Explosion de l’Intelligence artificielle et limites planétaires : l’IA dépasse-t-elle les bornes ?
Résumé exécutif
L'intelligence artificielle s'installe dans les organisations à un rythme inédit, portée par des investissements massifs. Cet essor se heurte à une contrainte physique : il génère une demande supplémentaire d'électricité au moment même où l'électrification des usages conditionne la transition écologique de tous les autres secteurs. Il conduit aussi à une augmentation des émissions de GES qui menace les objectifs climatiques mondiaux.

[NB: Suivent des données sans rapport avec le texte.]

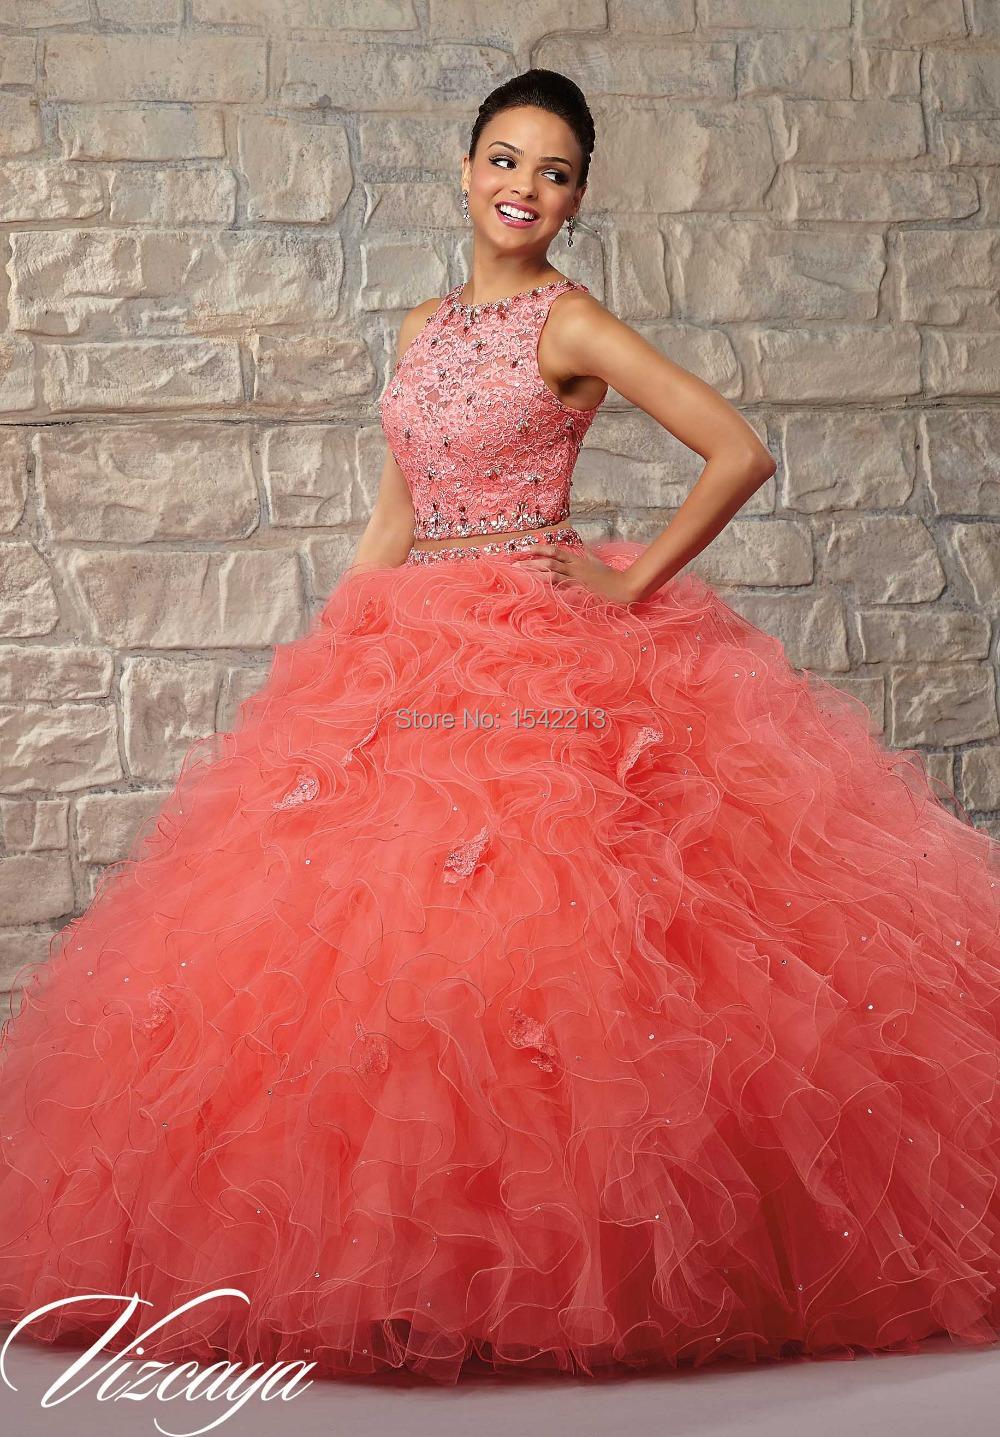 Online Get Cheap White Dress Ball Gown Debutante -Aliexpress.com ...

Cette publication projette de manière tendancielle[1] à l'horizon 2030 les effets de l’accroissement mondial de la puissance de calcul sur la disponibilité des ressources (électricité, eau, matières premières) et sur le budget carbone mondial. Elle tire de l’état des lieux des limites physiques des recommandations pour concilier IA et durabilité tout au long de la chaîne de valeur. Des points de friction notables se dessinent :
• L'IA risque d’accaparer une part majeure des nouvelles capacités électriques mondiales. En 2030, elle consommerait environ 815 TWh d'électricité, soit 2,1 % de la consommation mondiale, mais surtout 13 % de l'accroissement total de la demande électrique entre 2025 et 2030. C'est la part de la croissance plutôt que la part du total qui fait l'enjeu. L'Irlande offre un exemple frappant : les centres de données y sont passés de 5 % de l'électricité comptée en 2015 à 23 % en 2025, conduisant le régulateur à instaurer dès 2021 un moratoire de raccordement dans la région de Dublin, remplacé fin 2025 par une obligation d'autoproduction.

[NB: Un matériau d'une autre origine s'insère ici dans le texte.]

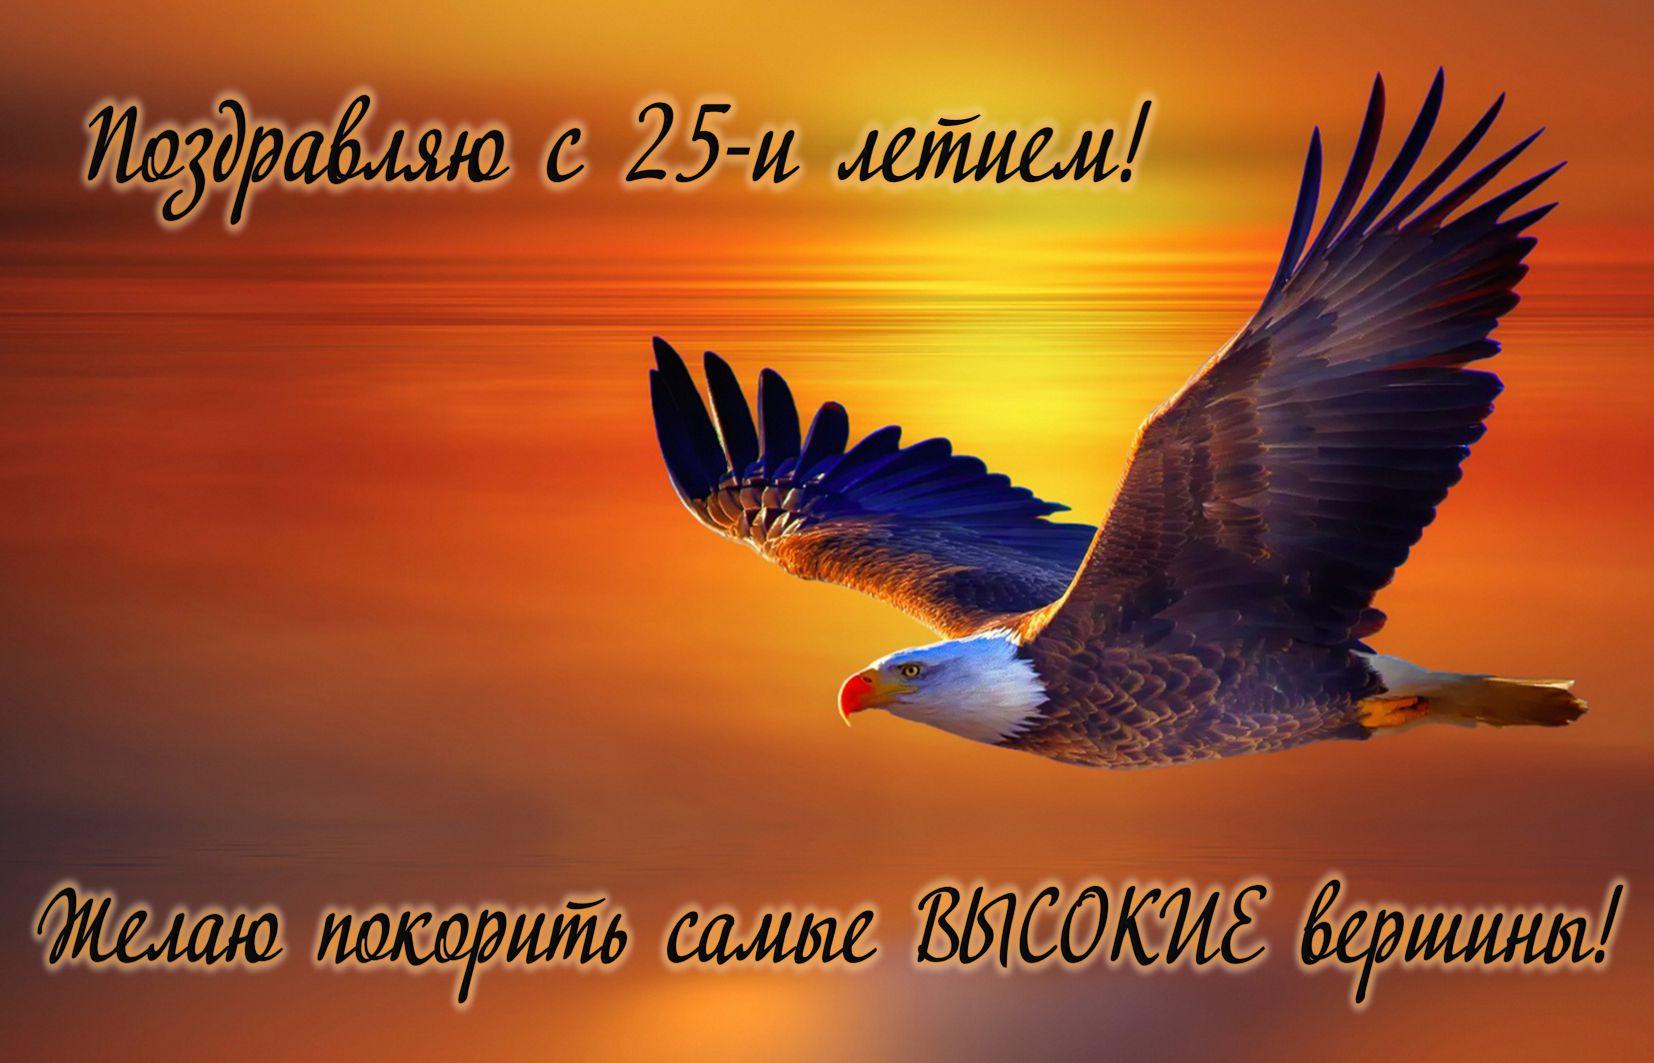 Признании любви, орел в небе открытка

• Ces volumes se traduisent par 330 millions de tCO2e, soit l’ordre de grandeur des émissions annuelles de la France en 2025. Cela représente 2,5 fois le budget carbone que le secteur numérique doit respecter jusqu’en 2030 pour rester aligné sous les 2°C.
• Le frein immédiat au développement de l’IA n'est pas la ressource, c'est le calendrier. Cinq ans au minimum sont nécessaires pour déployer de nouvelles capacités de production électriques bas-carbone. Pris dans leur course, les acteurs du numérique recourent à ce qui est immédiatement disponible : installation de turbines à gaz hors réseau directement adossées aux bâtiments et prolongation du fonctionnement de centrales à charbon dont la fermeture était programmée.
Pour la France, l'enjeu n'est pas la disponibilité immédiate d’électricité mais le raccordement. 18 GW sont aujourd'hui demandés et en partie réservés auprès de RTE pour de futurs centres de données, dont près de 80 % préemptés par les hyperscalers américains. De manière plus réaliste, le scénario central de RTE retient une augmentation des besoins de 15 à 20 TWh en 2030, soit 3 % de la consommation nationale. Si ces consommations sont loin d’avoisiner les 92 TWh exportés en 2025, les projets de datacenters IA pourraient néanmoins à terme entrer en concurrence frontale avec l'électrification de l’industrie française, du transport et du chauffage sur des problématiques de vitesse de raccordement au réseau.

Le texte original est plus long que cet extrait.